How does matmul work?

Sasha_Ama · August 29, 2022, 3:19am

Hello. I am new to TensorFlow and decided to explore how matmul() works. I’ve started with something very simple:
q = tf.Variable([-1,-3])
r = tf.Variable([4,-2])
print(f"q={q}")
print(f"r={r}")
res = tf.matmul(q, r)
print(f"q X r = {res}")
According to what I remember from the college, the result should be [[-4,2],[-12,6]], but I’ve got exception:
tensorflow.python.framework.errors_impl.InvalidArgumentError: In[0] and In[1] ndims must be == 2: 1 [Op:MatMul]
Could you please explain what I am doing wrong?

Robert_Pope · August 29, 2022, 8:05pm

Both of those variables are the same dimension: 1 row and 2 columns. (To be honest, I’m not sure if q is a matrix or a list. Maybe it needs to be [[-1,-3]])

So you are trying to do:
Matrix dimension 1x2 times Matrix dimension 1x2

For valid matrix multiplication, the dimensions closest to each other have to match. But you have 2 columns in q trying to coordinate with 1 row in r.

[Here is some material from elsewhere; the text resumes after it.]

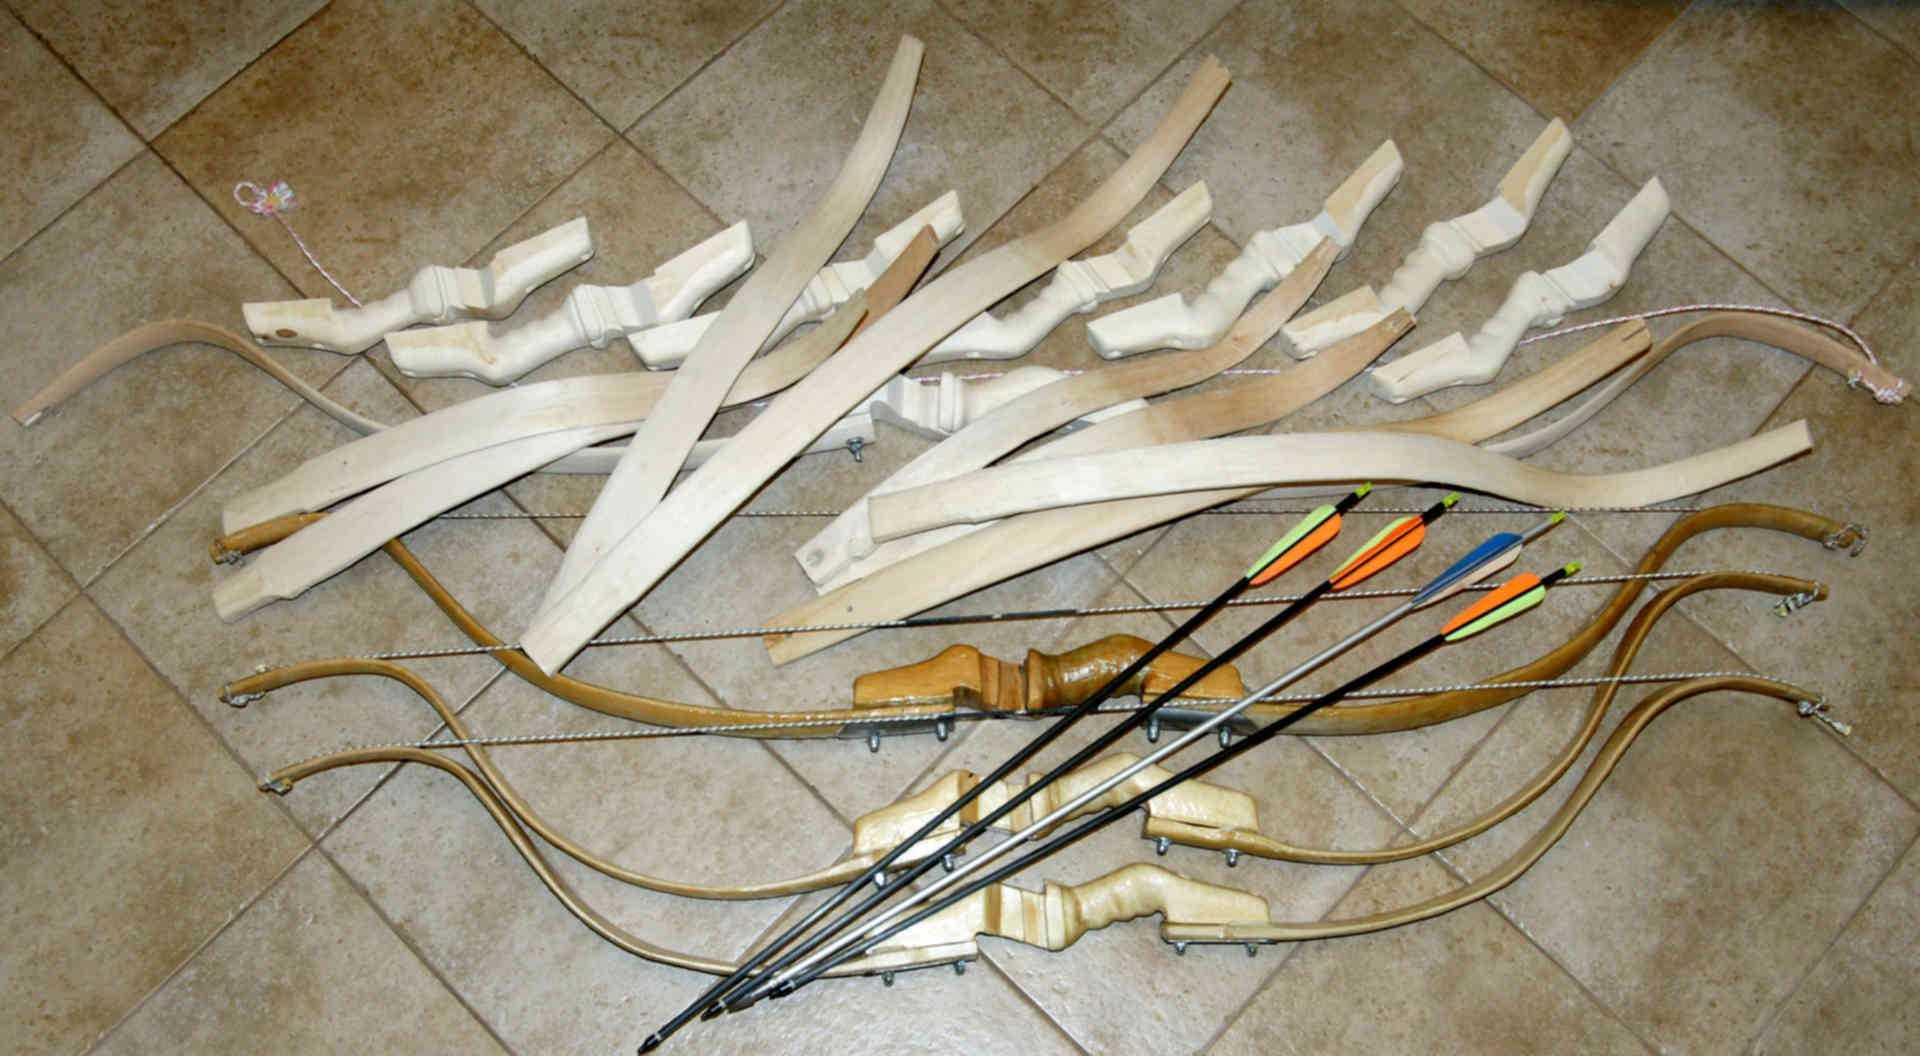 Как сделать лук и стрелы в домашних условиях — полезная информация по выбору подручного материала для самостоятельного изготовления лука, стрел и тети

The dimensions furthest apart give the the dimensions of the matmul result. So, for your example calculation, q should be 2 rows and 1 column, not 1 row and 2 columns:
2x1 matmul 1x2 => 2x2 matrix

Sasha_Ama · August 29, 2022, 10:04pm

That is great! I’ve also suspected that I needed to specify that q and r should have different dimensions, but could not find the proper way to do so. After your message I’ve done more experiments and found out what should be done:
q = tf.Variable([[-1],[-3]])
r = tf.Variable([[4,-2]])
which prints:
q X r = [[ -4 2]
[-12 6]]
exactly what I’d expected.
Thanks a lot!